Rather than shy away from seemingly worthless second-mortgage notes, Heritage Pacific spent millions of dollars to assemble an inventory of at least 40,000 second-mortgage notes, according to interviews with company executives and deposition testimony.

Fraud accusations against former homeowners became Heritage Pacific’s tactic for restoring value to its second-mortgage notes. California law gives a lender that can prove that a borrower fraudulently obtained a loan for more than $150,000 the right to sue. A creditor also may allege fraud to prevent a debt from being erased in bankruptcy.

Abdelfattah, a 52-year-old naturalized American who was born in Egypt, said it wasn’t fraud, but a steep drop in his income as a sales manager at a local Honda dealership, that caused him to fall behind on his monthly house payments of $5,000.

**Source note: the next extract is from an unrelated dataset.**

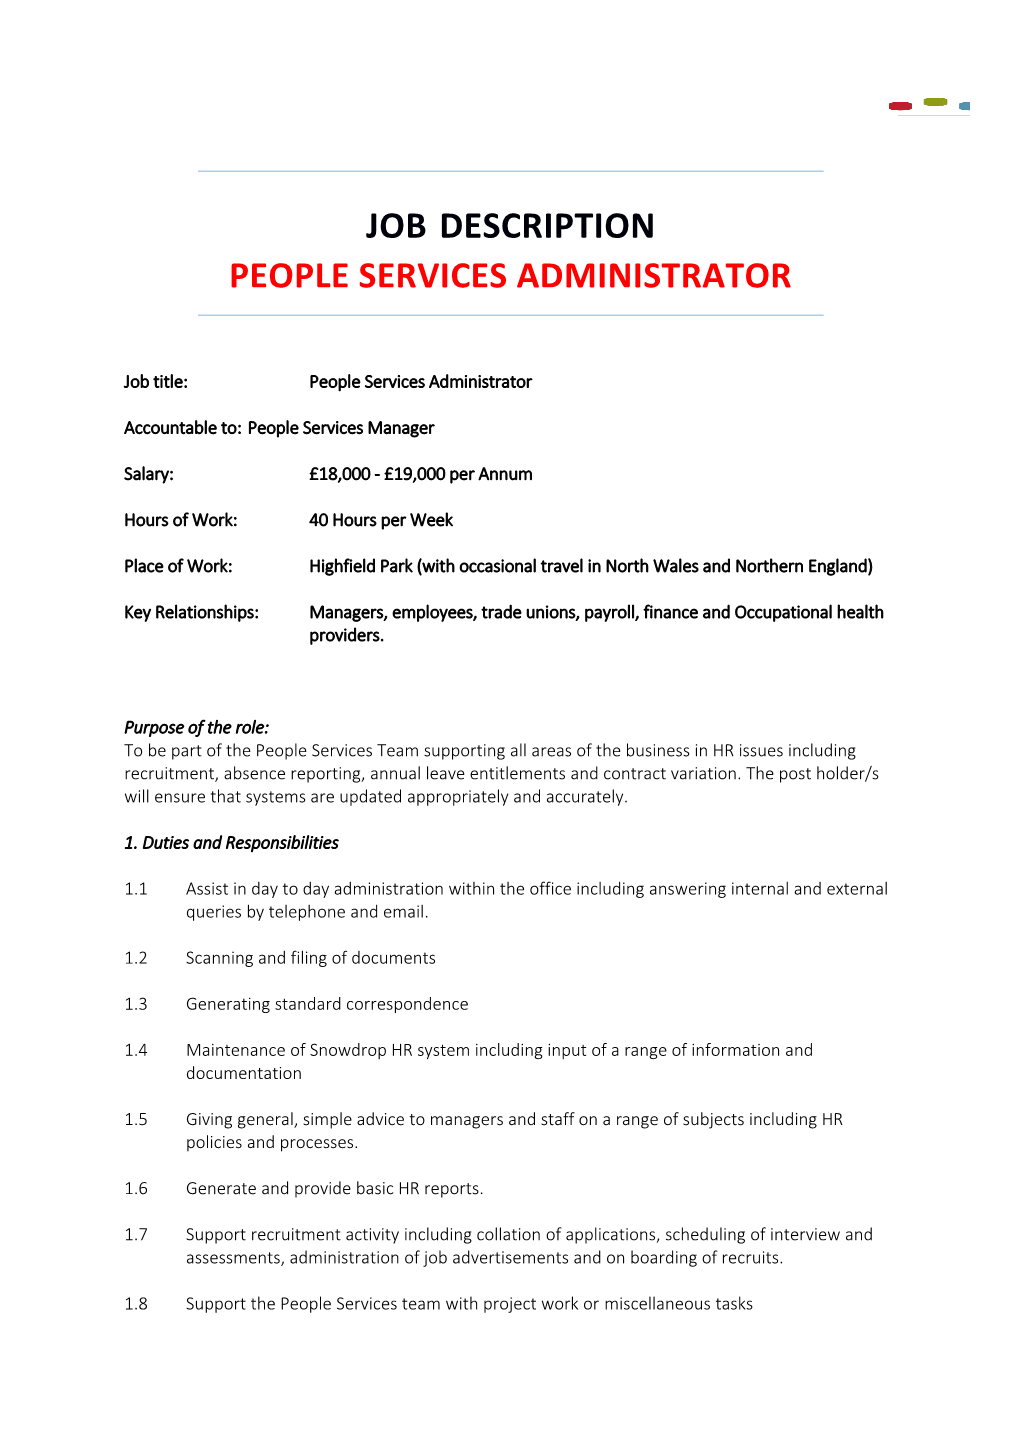 Job Description PEOPLE SERVICES ADMINISTRATOR

In 2008, the holder of his first mortgage foreclosed on the three-bedroom, 1,170-square-foot Santa Clara house that he had purchased in 2005 for $675,000.

But to his chagrin, Abdelfattah found that foreclosure didn’t end his house-related financial woes. As the summer of 2009 faded, he started getting collection calls from two or three individuals representing Heritage Pacific. They wanted him to pay a portion of the $135,000 balance they said he still owed on the second-mortgage loan he had used in his house purchase.

The callers were “really annoying,” Abdelfattah said. One was “really aggressive, cursing on the phone.” They accused him of never having lived in the house. They sent him a letter asking him to verify his income, and another titled, “Demand for Payment of Outstanding Debt.”

In May 2010, Heritage Pacific named Abdelfattah in a lawsuit that claimed that he had used fraud to obtain a second mortgage. But on March 19, a Santa Clara County Superior Court judge threw out the company’s claim against Abdelfattah because the alleged fraud had involved a loan for less than $150,000.

Abdelfattah, who wants to buy a house, was only somewhat relieved: “They are not able to sue me, but (Heritage Pacific’s claim) still affects my credit.” Abdelfattah’s countersuit alleging violations of debt-collection law by Heritage Pacific is scheduled for a jury trial in July.

Heritage Pacific declined to comment on the details of Abdelfattah’s or other individual cases, but said, “Any court rulings against Heritage Pacific Financial will be appealed to the California Court of Appeals as soon as it is possible to do so.”

Heritage Pacific can ignore the prohibition on pursuing fraud claims related to loans for less than $150,000 because it still can get default judgments and out-of-court settlements from some defendants, said Kennedy, the attorney in the civil action.

As a practical matter, he added, “the law only applies to people who are in a position to defend themselves.”